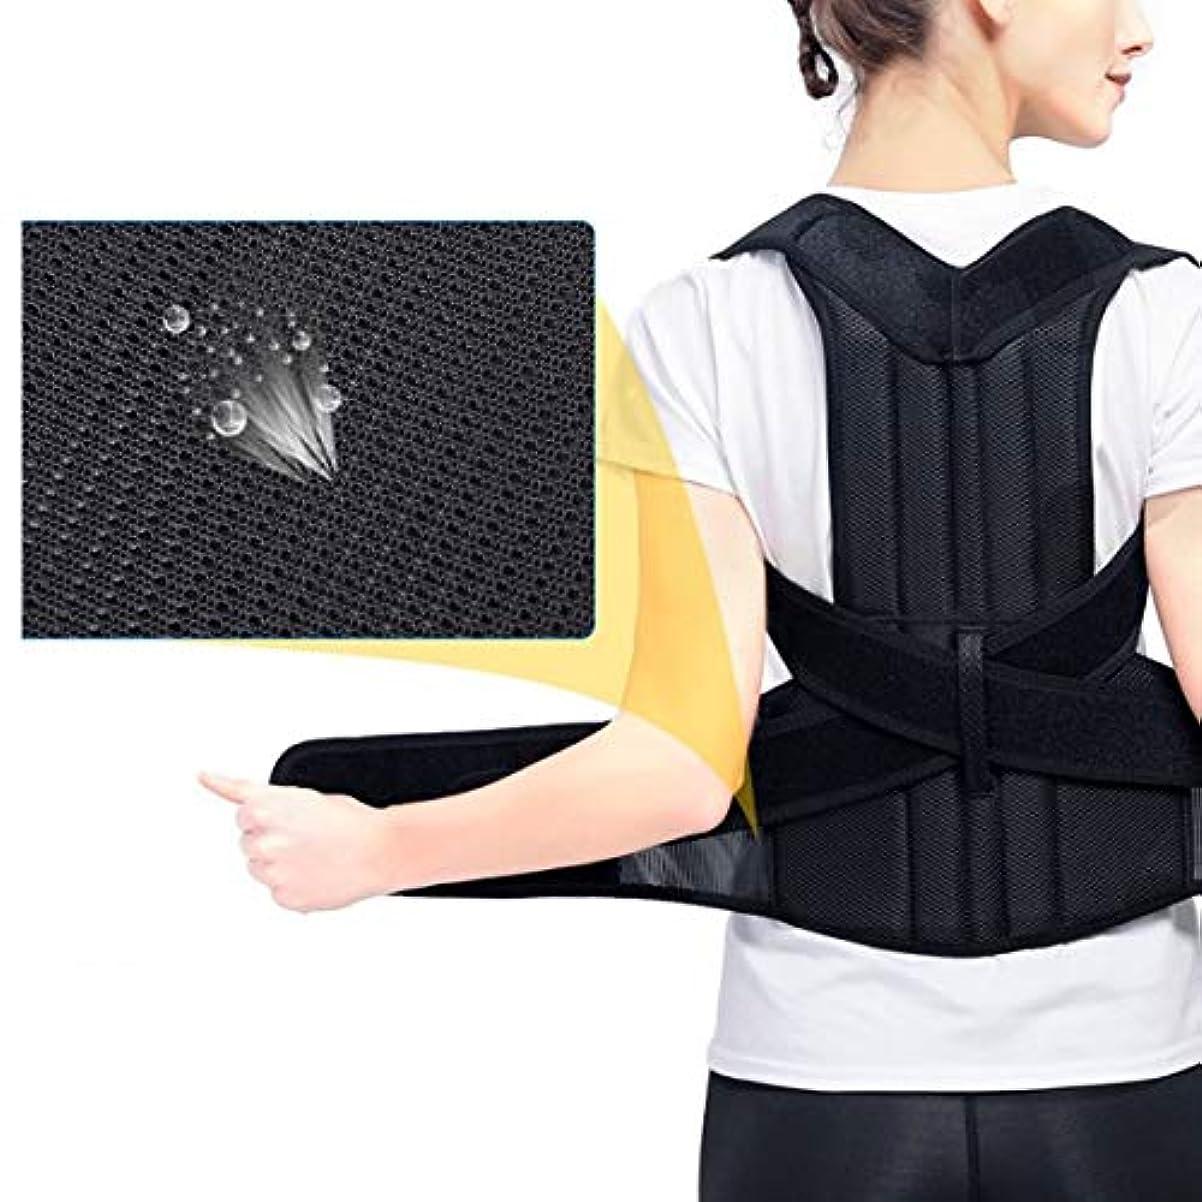 七時半ホステスしなやか腰椎矯正バックブレース背骨装具側弯症腰椎サポート脊椎湾曲装具固定用姿勢 - 黒
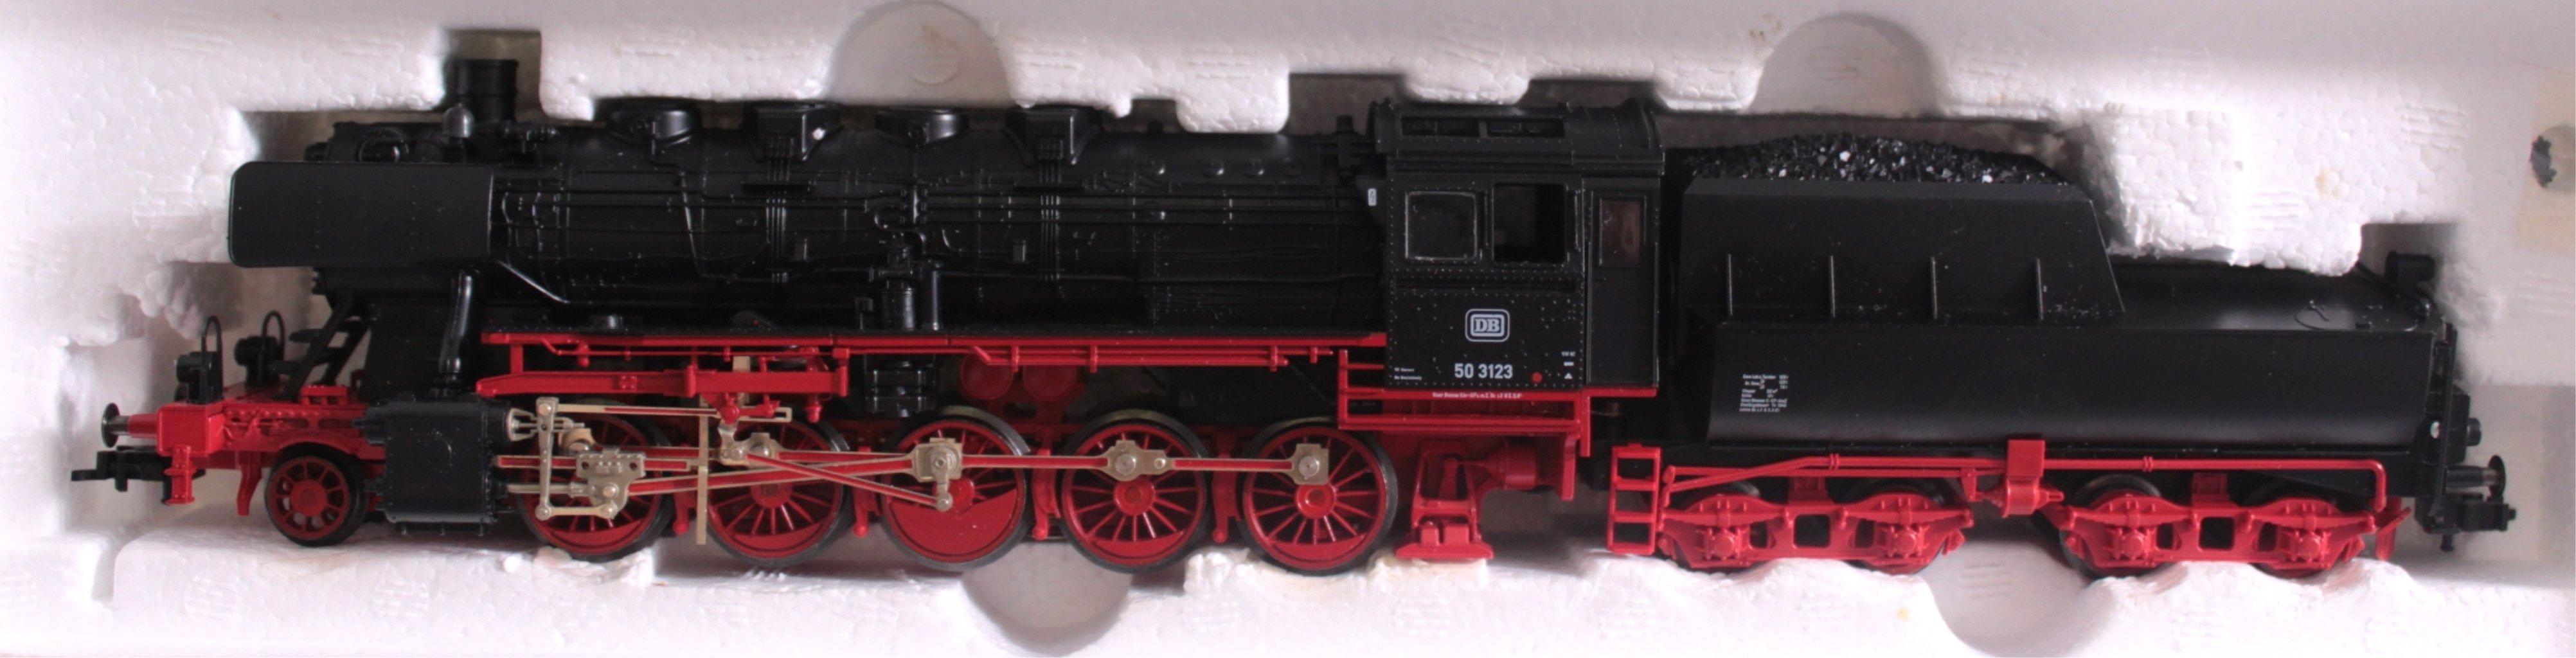 Fleischmann Dampflok 4176 Spur H0 mit Tender und 4 Waggons-1
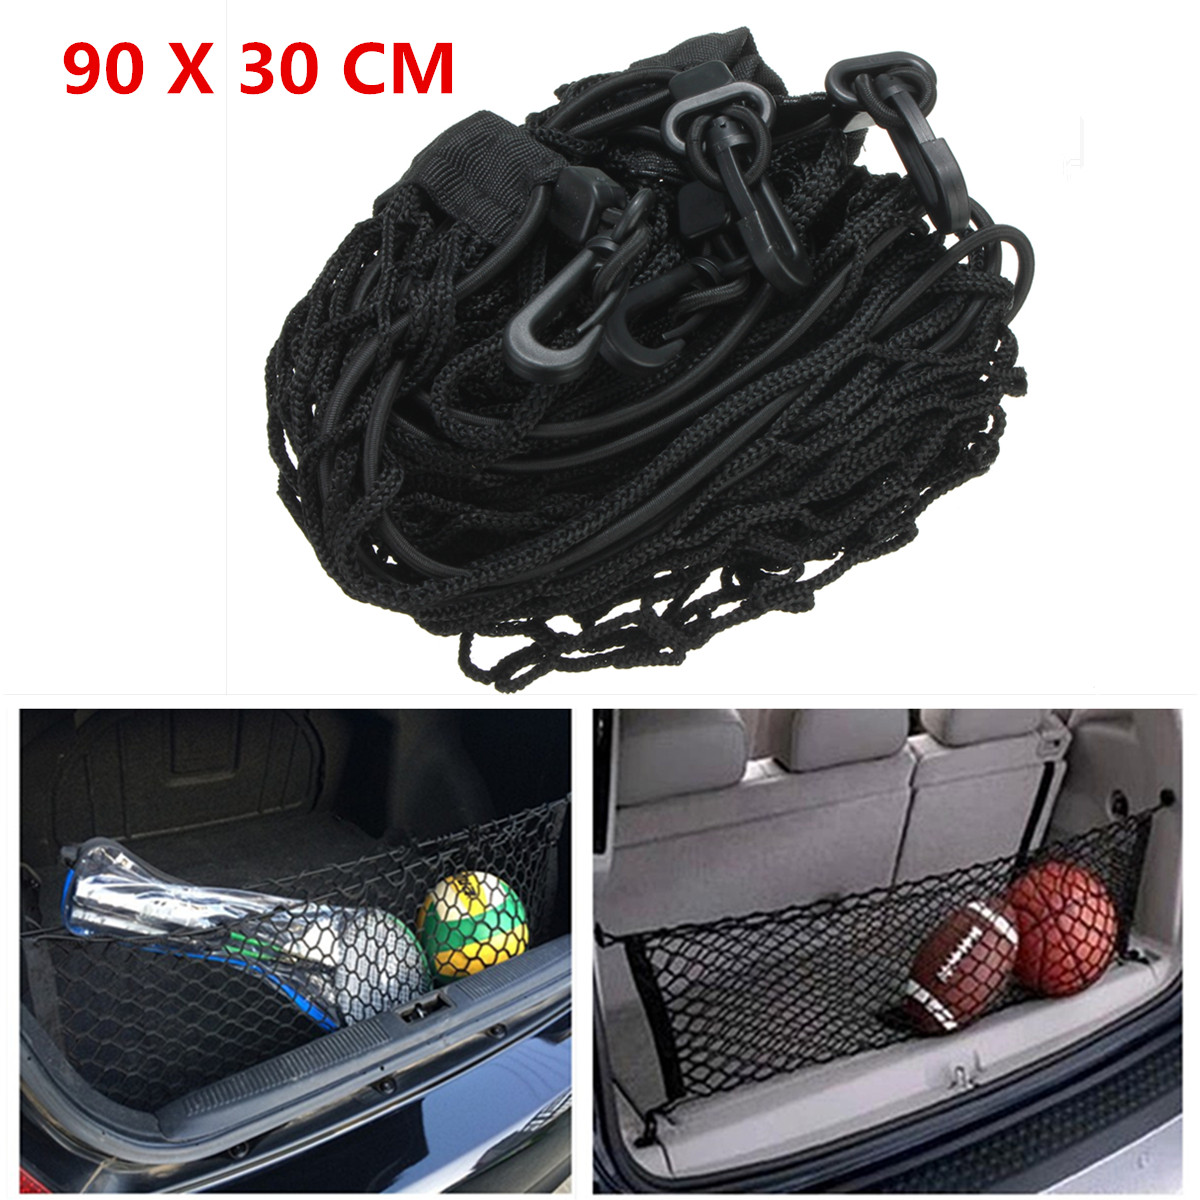 90x30cm Black Nylon Car Trunk Rear Cargo Organizer Storage Elastic Mesh Net
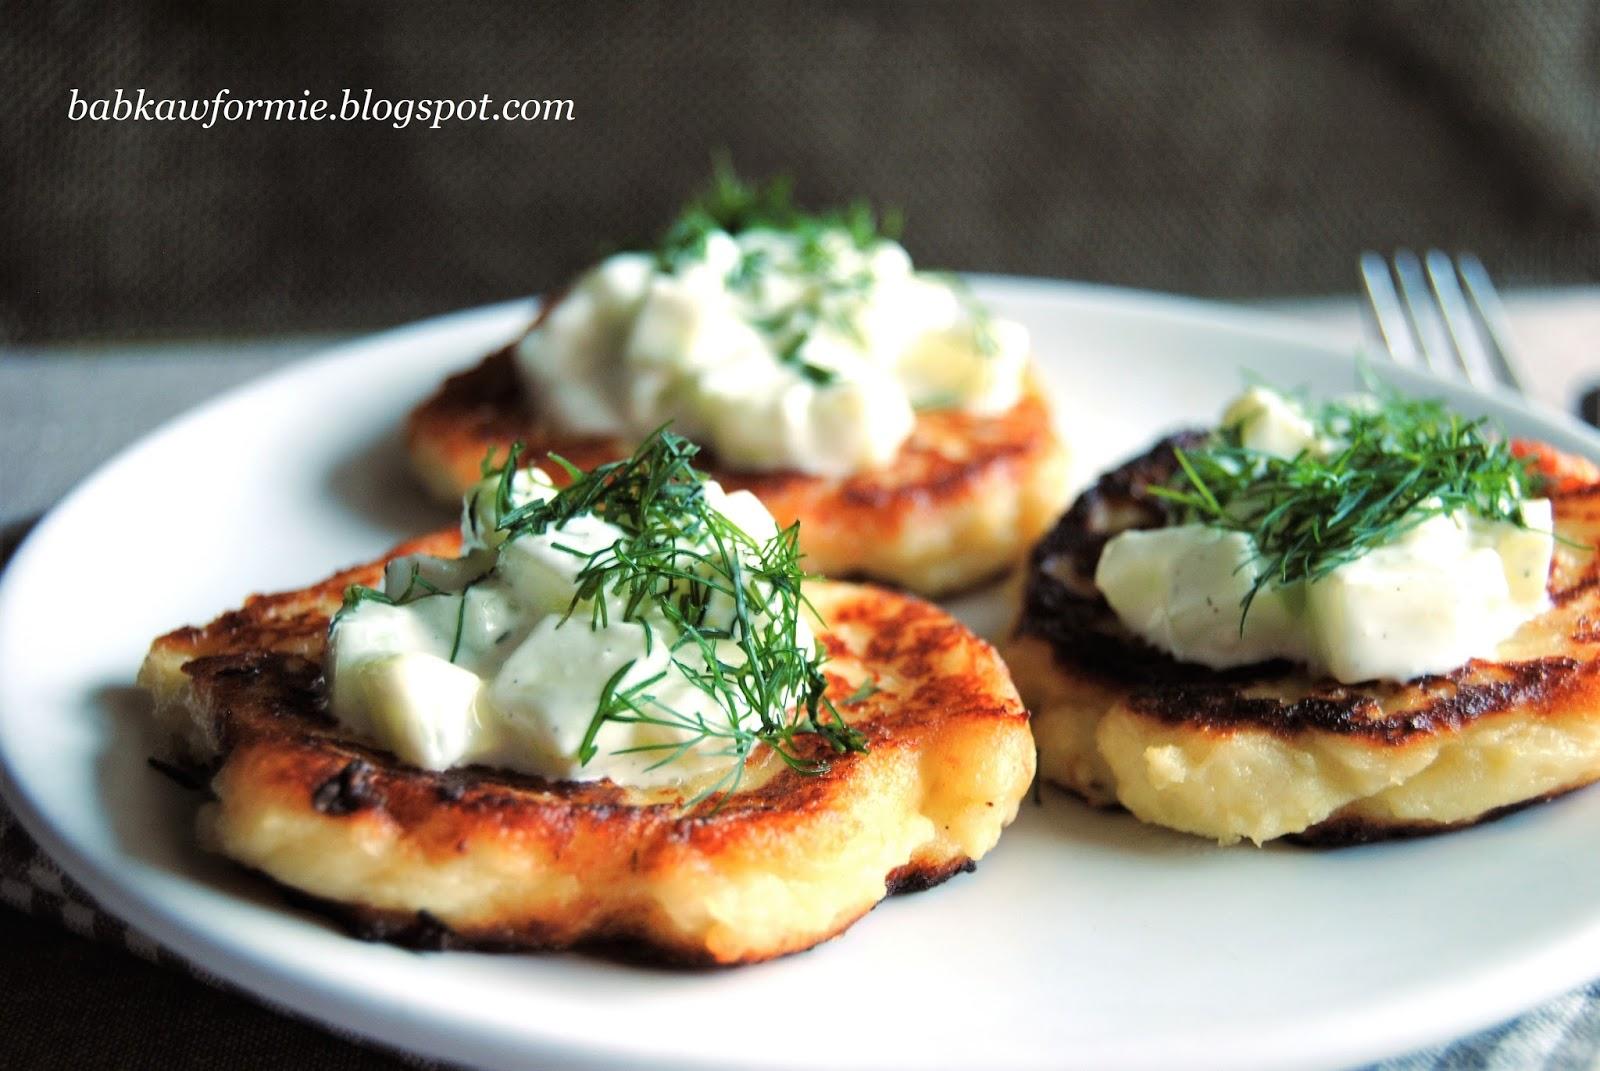 moskole goralskie placki z gotowanych ziemniaków babkawformie.blogspot.com
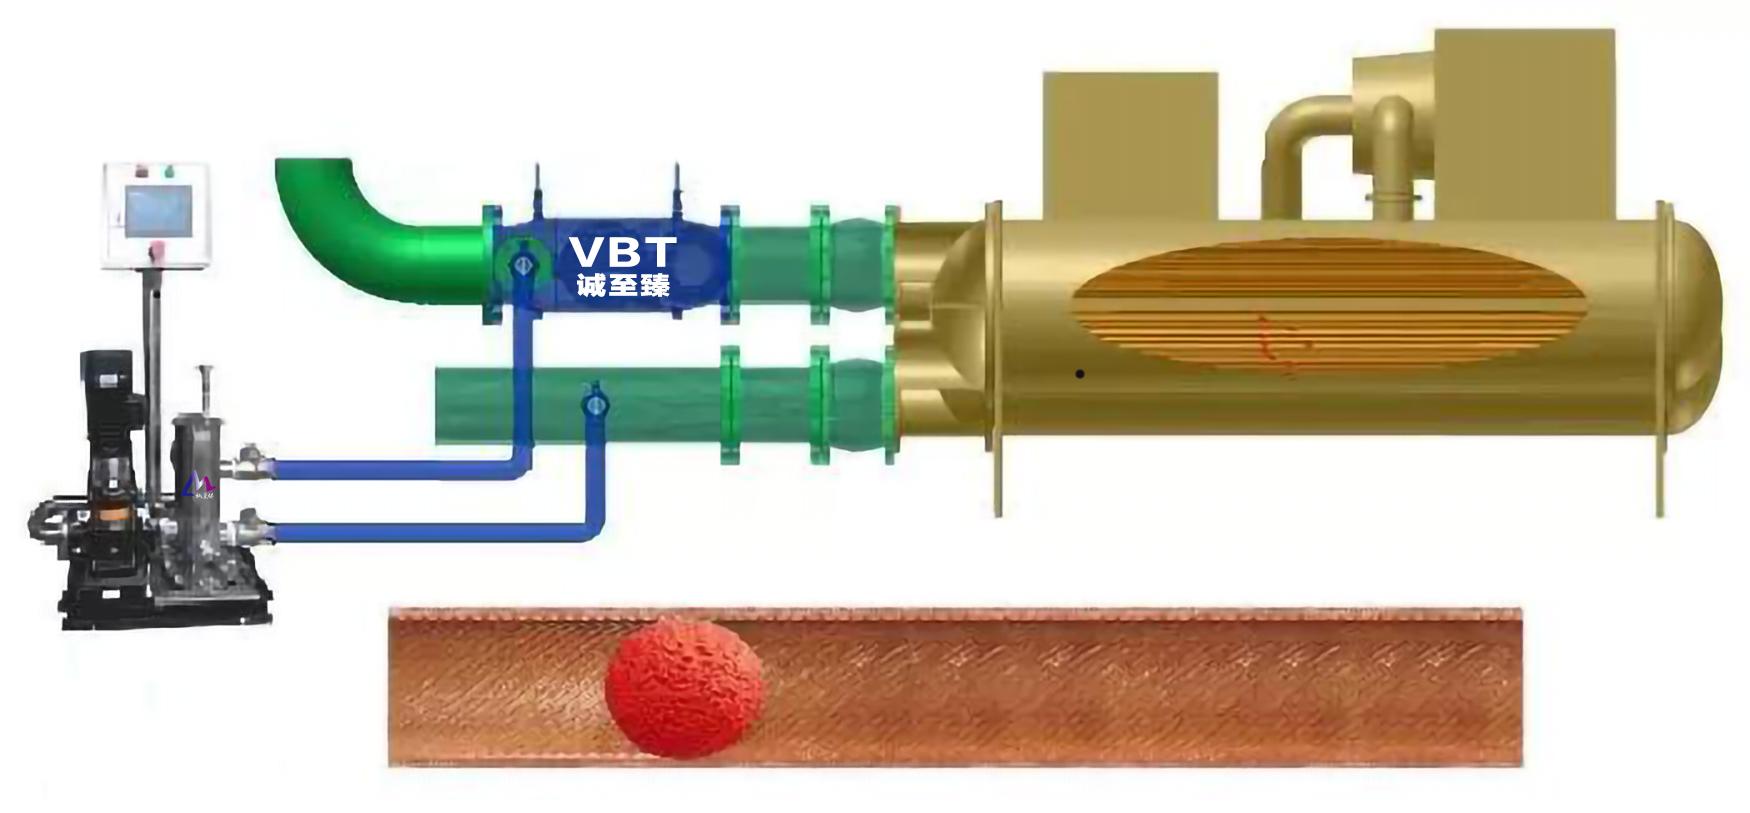 胶球清洗系统核心设备的工作原理

▶ **WHAT TO PRODUCE**: Reproduce the records in full, exactly as they appear, and show none of the pictures.

▶ **REPLY**:
 七時半ホステスしなやか腰椎矯正バックブレース背骨装具側弯症腰椎サポート脊椎湾曲装具固定用姿勢 - 黒
 Fleischmann Dampflok 4176 Spur H0 mit Tender und 4 Waggons-1
 90x30cm Black Nylon Car Trunk Rear Cargo Organizer Storage Elastic Mesh Net
 moskole goralskie placki z gotowanych ziemniaków babkawformie.blogspot.com
 胶球清洗系统核心设备的工作原理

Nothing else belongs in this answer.